497 Greenwich Street sale was off a low ball?

 
Page Six thinks so
The Manhattan loft #7A at 497 Greenwich Street closed on April 16, just less than a month after going to contract. Not many Manhattan residential real estate agents make Page Six (I hope), but that august source seems to think this sale happened after a low-ball bid by a pair of married agents:
We put in [low] offers on about eight units in different buildings," said …, who bought their $2.9 million TriBeCa condo at 497 Greenwich St. sight unseen. "I knew the building, I knew the line, and it was in the neighborhood we wanted ." There was also a rush to get the deal done: … is pregnant with their first child and due in mid-May. [brackets in original]

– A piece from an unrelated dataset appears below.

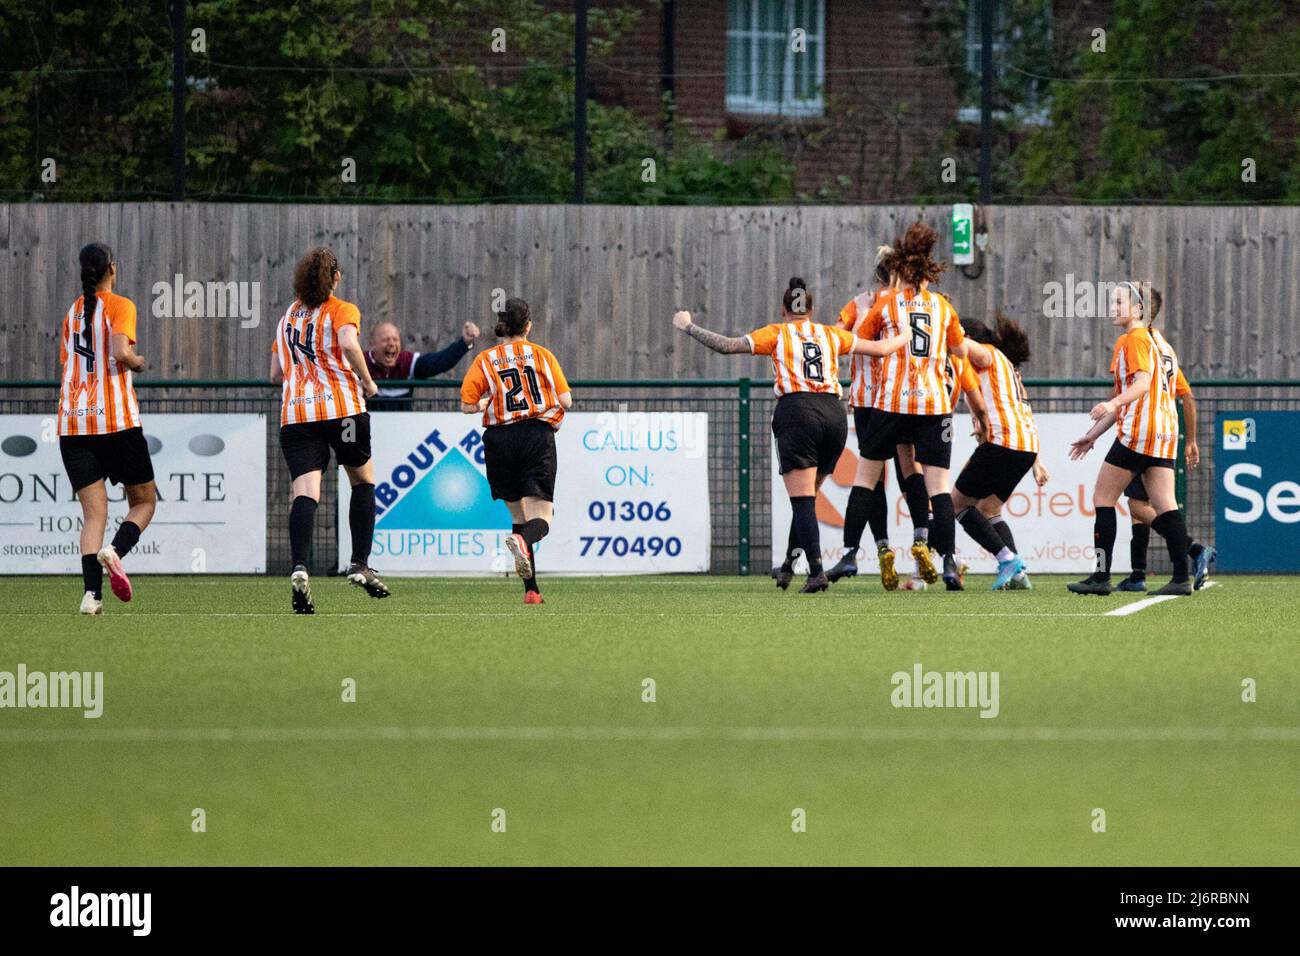 London, England. 03/05/2022, Ashford celebrate their firs goal by Ashley Cheatley (16 Ashford) during the Capital Womens Senior Cup game between Ashford (Middlesex) and Dulwich Hamlet at Meadowbank in London, England.  Liam Asman/SPP Stock Photo

 (h/t Curbed.com, yesterday) (We will have to trust the editorial policies of that august source for the validity of adding "[low]" to modify the 8 offers.)
 
Since the most recent asking price was $3.2mm, I am not sure that buying at $2.9mm indicates a true "low ball" offer under current market conditions. But I quibble …. What’s really interesting is the history before the most recent asking price stimulated a contract.
 
shooting for the moon, hitting a street light
There was not a long history for this listing, but there was some drama: it started at $3.8mm on December 2, then took off two weeks leading into Christmas, then dropped to $3.5mm on January 21, and to $3.2mm on February 18. That is a pretty serious set of drops in only 11 weeks — 15.8% — compounded (if that’s the right word) by a negotiation ending in yet another 9.4% off the last list.
 
Net, net, the sellers took $900k less than where they started, a 24% ‘discount’. But that is still not the most interesting discount in this loft’s history.
 
2005 all over again (more or less)
The sellers also took a 6.6% hit off their original purchase price of $3,105,662, which was the first sale of this unit, in January 2006. (This loft must have been one of the later ones to close in this new development in which closings started in October 2004.) If both sales of this loft were market-appropriate (rather than being anomalous), that would put the current value of the loft (expressed in calendar terms) as late 2005, or so.
 
These sellers are my Sellers Of The Day for having (1) dropped nearly 16% off ask in 11 weeks, then (2) negotiating another 9.4% off the last ask, all after (3) having paid more than $200k more in January 2006 than they got in selling in April 2009. (Sorry sellers: there is no actual ‘prize’ for being the MLG SOTD, but you did move on with your lives.)